# OpenML in Python 
OpenML is an online collaboration platform for machine learning: 

* Find or share interesting, well-documented datasets
* Define research / modelling goals (tasks)
* Explore large amounts of machine learning algorithms, with APIs in Java, R, Python
* Log and share reproducible experiments, models, results 
* Works seamlessly with scikit-learn and other libraries
* Large scale benchmarking, compare to state of the art

# Installation

* `pip install openml`

In [0]:
!pip install openml

### Exercise
- Find datasets with more than 10000 examples
- Find a dataset called 'eeg_eye_state'
- Find all datasets with more than 50 classes

In [0]:
# List datasets
import openml as oml
openml_list = oml.datasets.list_datasets()

# Show a nice table
import pandas as pd
datalist = pd.DataFrame.from_dict(openml_list, orient='index') 
datalist = datalist[['did','name','NumberOfInstances','NumberOfFeatures','NumberOfClasses'
]]
print("First 10 of %s datasets..." % len(datalist))
datalist.head(n=10)

In [0]:
datalist[datalist.NumberOfInstances>10000
        ].sort_values(['NumberOfInstances']).head(n=20)

In [0]:
datalist.query('name == "eeg-eye-state"')

In [0]:
datalist.query('NumberOfClasses > 50')

## Download datasets
This is done based on the dataset ID ('did').

In [0]:
dataset = oml.datasets.get_dataset(1471)

# Print a summary
print("This is dataset '%s', the target feature is '%s'" % 
      (dataset.name, dataset.default_target_attribute))
print("URL: %s" % dataset.url)
print(dataset.description[:500])

Get the actual data.  
Returned as numpy array, with meta-info (e.g. target feature, feature names,...)

In [0]:
X, y, attribute_names = dataset.get_data(
    target=dataset.default_target_attribute,
    return_attribute_names=True,
)
eeg = pd.DataFrame(X, columns=attribute_names)
eeg['class'] = y
print(eeg[:10])

### Exercise
- Explore the data visually

In [0]:
%matplotlib inline
eegs = eeg.sample(n=1000)
_ = pd.plotting.scatter_matrix(
    eegs.iloc[:100,:4], 
    c=eegs[:100]['class'], 
    figsize=(10, 10), 
    marker='o', 
    hist_kwds={'bins': 20}, 
    alpha=.8, 
    cmap='plasma'
)

# Task

The function `openml.evaluation.list_evaluations(...)` returns a dictionary of evaluation records. It has several filtering functions, to keep the resulting set small (keep in mind that OpenML has almost 10 million runs, and more than a billion evaluation records). The function is documented in the [API docs](https://openml.github.io/openml-python/master/generated/openml.evaluations.list_evaluations.html#openml.evaluations.list_evaluations).IIt returns a dict mapping from `run_id` to [OpenMLEvaluation](https://openml.github.io/openml-python/master/generated/openml.OpenMLEvaluation.html#openml.OpenMLEvaluation). Examples of filters are `task`, `flow` and `function`. Note that one of these is mandatory.

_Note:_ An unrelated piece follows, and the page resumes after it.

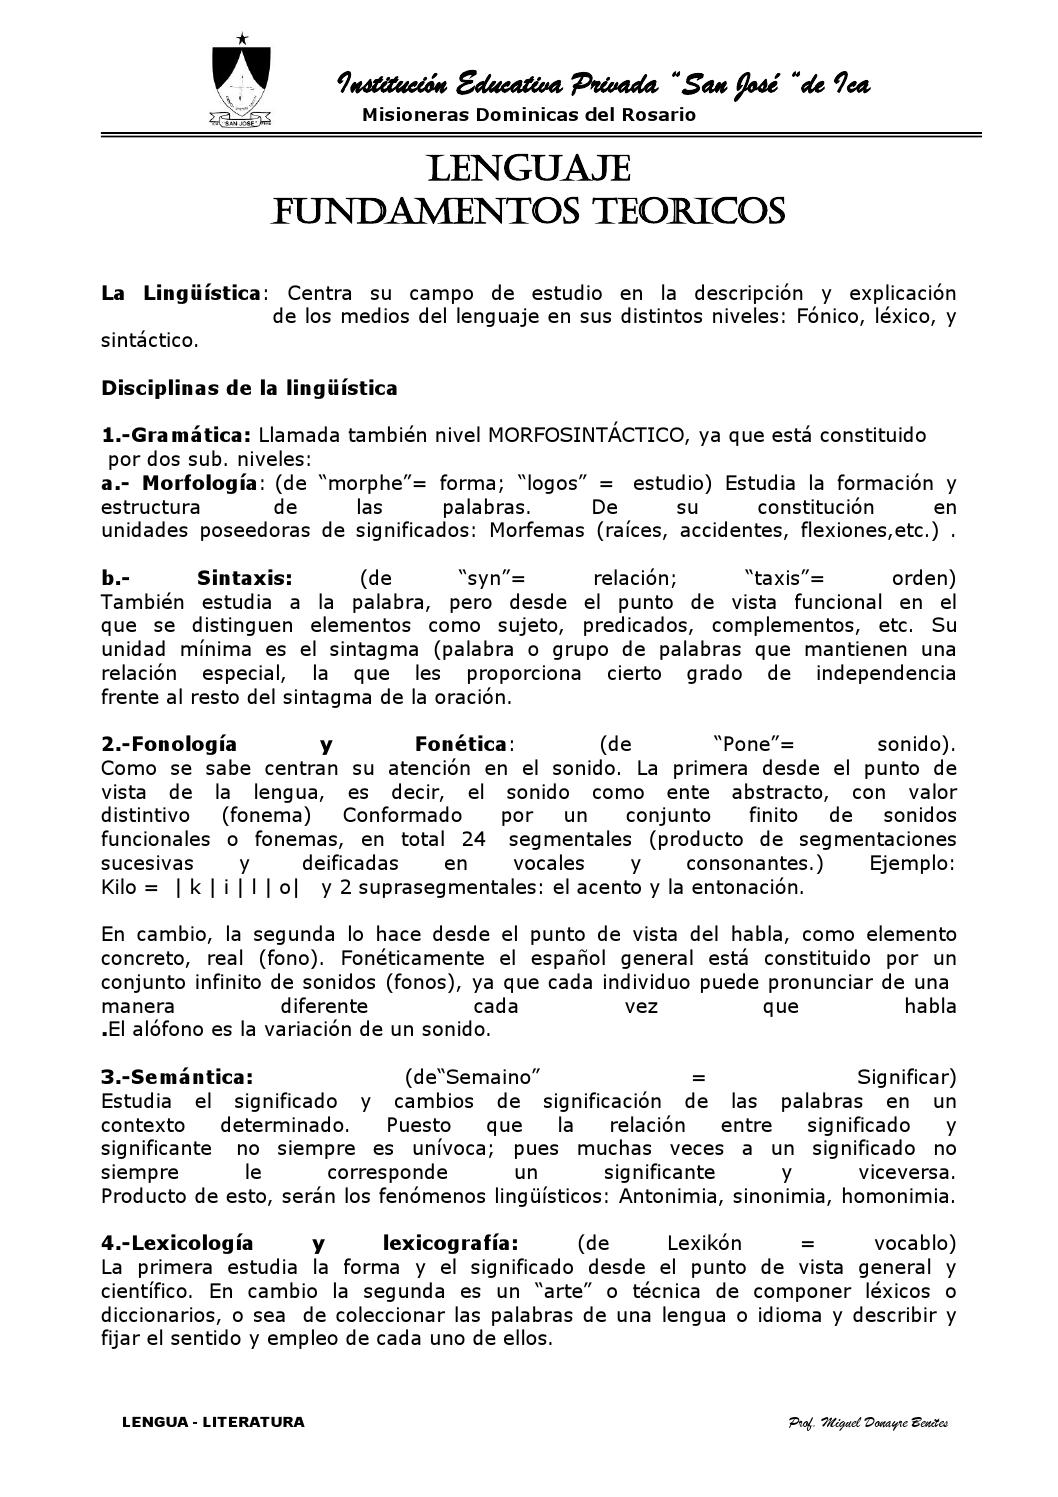 Lengualiteratura by Miguel Ángel Donayre Benites - issuu

* Obtain a subset of 100 predictive accuracy (`predictive_accuracy`) results on the letter dataset (task id = 6).
* Obtain a subset of 100 predictive accuracy (`predictive_accuracy`) results per task in the OpenML 100 and plot these 

In [0]:
import seaborn as sns
import pandas as pd
import openml as oml

suite = oml.study.get_study('OpenML100')
scores = []
for task_id in suite.tasks[:10]: # [SPEED] only first 10 tasks
  results = oml.evaluations.list_evaluations(function='predictive_accuracy', task=[task_id], size=100)
  # Download the tasks and plot the scores
  for evaluation in results.values():
    scores.append({"flow": evaluation.flow_name, "score": evaluation.value, "task": evaluation.data_name})
    
sns.violinplot(x="task", y="score", data=pd.DataFrame(scores), scale="width", palette="Set3");

# Dataset Upload

There are various ways to upload a dataset. The most convenient ways are documented in [this example](https://github.com/openml/openml-python/blob/master/examples/create_upload_tutorial.py). Most conveniently, this can be done using a [pandas dataframe](https://github.com/openml/openml-python/blob/a0ef724fec6ab31f6381d3ac2a84827ab535170d/examples/create_upload_tutorial.py#L206). Additionally, we need to create a [OpenMLDataset](https://openml.github.io/openml-python/master/generated/openml.OpenMLDataset.html#openml.OpenMLDataset) object, containing information about the dataset. Most notably, the arguments `name`, `default_target_attribute`, `attributes` and `data` need to be set.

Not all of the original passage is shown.